Chapter IV. Technology Development
Army Science and Technology Master Plan (ASTMP 1997)


Q. Medical and Biomedical Science and Technology

1. Scope

Military medical and biomedical science and technology programs are a unique national resource focused to yield superior capabilities for medical support and services to U.S. armed forces. Unlike other national and international medical science and technology investments, military medical research is concerned with preserving the combatant's health and optimizing mission capabilities despite extraordinary battle, nonbattle, and disease threats. It is also unlike most of the more widely visible Army modernization programs because its technology is incorporated into service men and women rather than into the systems they use. This technology area is vital to the human capability dimension of all Joint Warfighting Capabilities. Weapons systems developers exploit capabilities to mitigate system hazards, improve soldier survivability, and optimize operator-system interface. Because of its special and unique nature, international treaty and convention require military medical research to be conducted for the benefit of mankind. Additionally, many activities and products are regulated by the U.S. Food and Drug Administration (FDA).

The Army medical and biomedical science and technology program is divided into five technology sub-areas: Infectious Diseases of Military Importance; Medical Biological Defense; Medical Chemical Defense; Army Operational Medicine, and Combat Casualty Care. Each sub-area focuses on a specific category of threat to the health and performance of soldiers. The first four technology sub-areas emphasize the prevention of battle and non-battle injury and disease, while the Combat Casualty Care Research Program emphasizes far-forward treatment. Prevention research programs provide both medical material (e.g., vaccines, drugs, and applied medical systems) and biomedical information. Combat Casualty Care provides medical and surgical capabilities tailored to military medical needs for resuscitation, stabilization, evacuation, and treatment of all battle and non-battle casualties. Each technology sub-area has objectives that respond to the National Military Strategy.

The National Defense Act of FY94 consolidated chemical and biological defense (CBD) programs, including both Warfare and Medical, under OSD management. The medical CBD programs are discussed here, while the warfare CBD programs are addressed in Section E, Nuclear, Chemical, and Biological Defense, of this chapter.

2. Rationale

Individual service men and women are the most important, and the most vulnerable, components of military systems and mission capabilities. Disease and non-battle injury typically far outweigh battle-related injury as the greatest cause of casualties among military forces. Regional, life-threatening, or incapacitating disease epidemics both limit and constrain military deployment alternatives. Widespread sickness and injury are mission aborting; high casualty and death rates are warstoppers. The current force structure is confronted with an expanded potential for large-scale regional conflicts, proliferation of weapons of mass destruction, and ready availability of advanced conventional weapons, as well as more diverse and highly complex missions characterized by continuous, high-tempo operations. These more dangerous challenges are coupled with enduring threats of disease, harsh climates, operational stress, and injury. These realities mandate a sustained commitment to robust investment in medical re search programs (Figure IVQ1).
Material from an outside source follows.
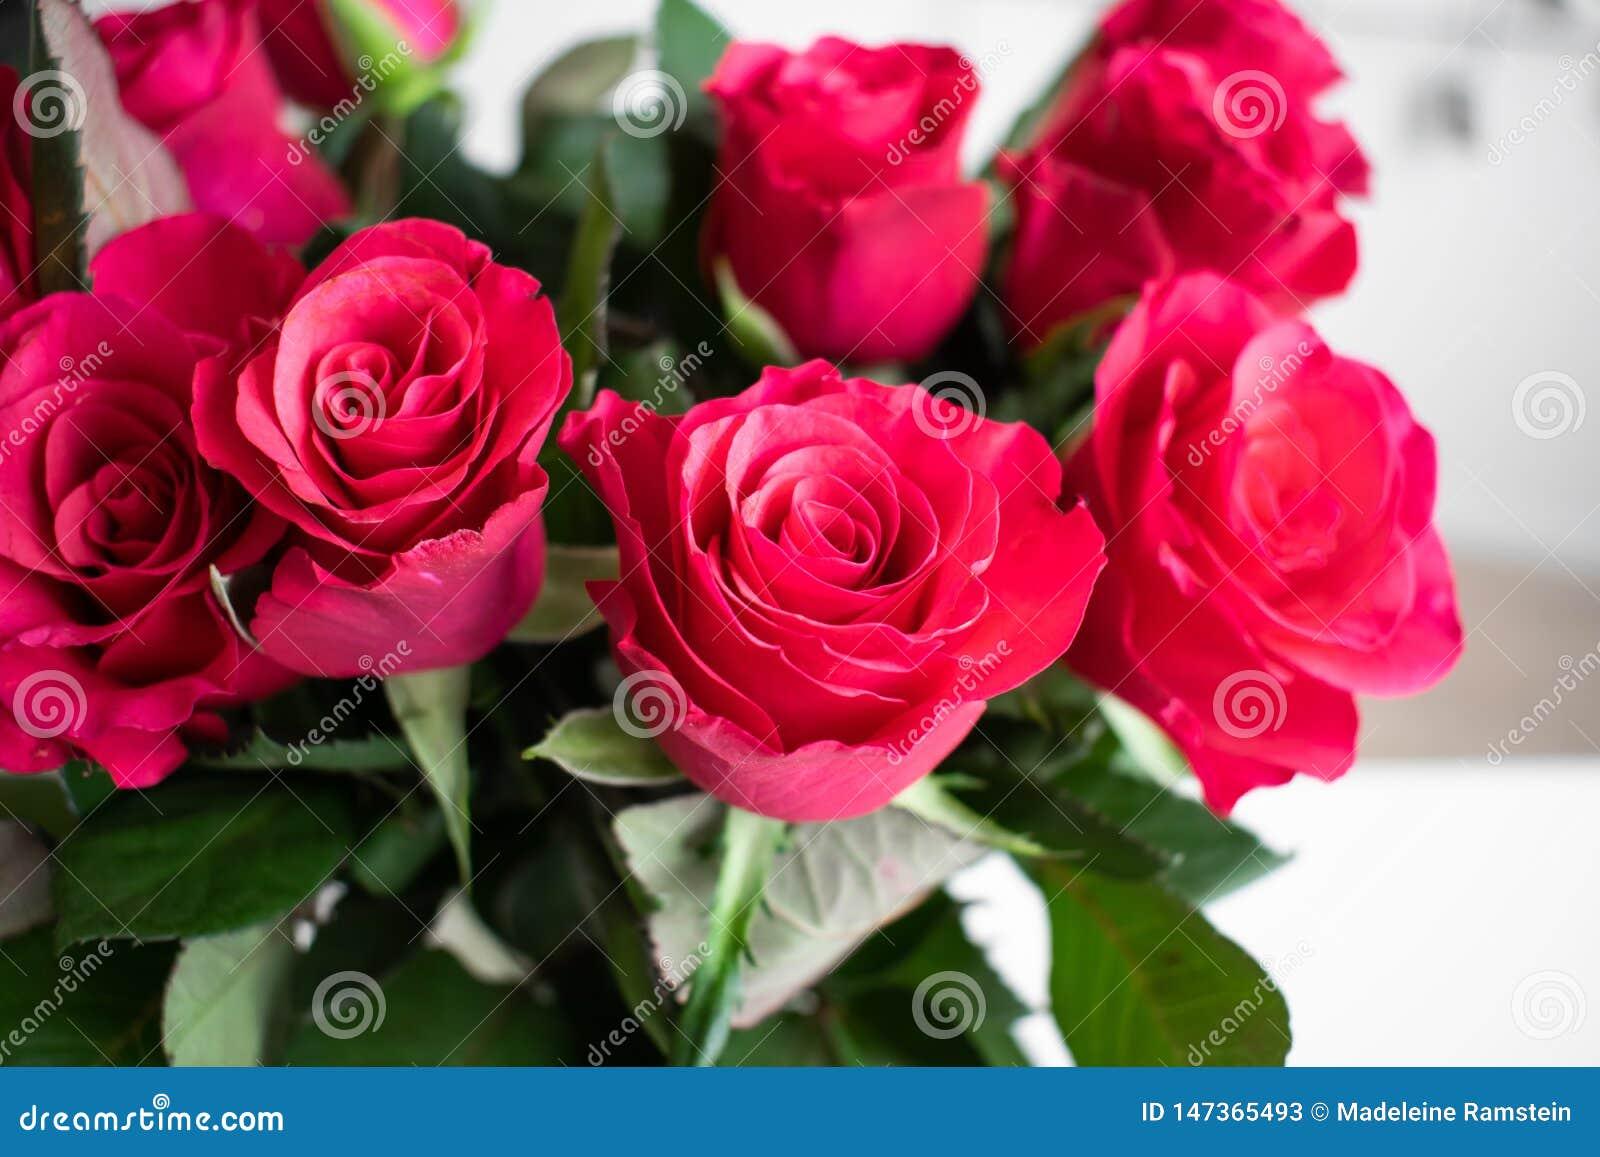 Blumenstrauß der roten Rosen mit einer rosa Note Zuhause mit weißem Hintergrund

Figure IV-Q-1. Future Medical Technologies

3. Technology Subareas

a. Infectious Diseases of Military Importance

Goals and Time Frames

The goals of the Military Infectious Disease Research Program are primarily to protect soldiers from incapacitating infectious diseases by the development of vaccines and disease-preventing drugs and secondarily to develop effective drug treatments. Infectious diseases pose a significant threat to operational effectiveness. Most Americans lack natural immunity to diseases endemic abroad. Prevention of epidemic infections in deployed forces is a force multiplier. Immunization prior to deployment is the preferred medical countermeasure to infection because it reduces logistical requirements in the theater of operations. Chemoprophylaxis is a proven method of protecting the military population from malaria. Sepsis following surgical wound infection is a major cause of death in battle casualties. Lost training days due to respiratory infections and meningitis increase the cost of mobilization. Human Immunodeficiency Virus (HIV) infection is a leading cause of death among young people of military age.

A vaccine to protect troops against infectious hepatitis was fielded (FY95). New antimalarial drugs will be fielded to replace drugs rendered ineffective by the global development of parasite resistance (FY97). An improved drug for the treatment of cutaneous and visceral leishmaniasis will replace the highly toxic and marginally effective compound currently available (FY97). Improved arthropod repellents will protect soldiers from insects carrying lethal parasitic, viral, and rickettsial diseases (FY97). Oral vaccines will immunize soldiers against incapacitating dysentery caused by shigella species (FY98). Antibodies will provide protection against sepsis resulting from the common bacterial wound infections (FY98).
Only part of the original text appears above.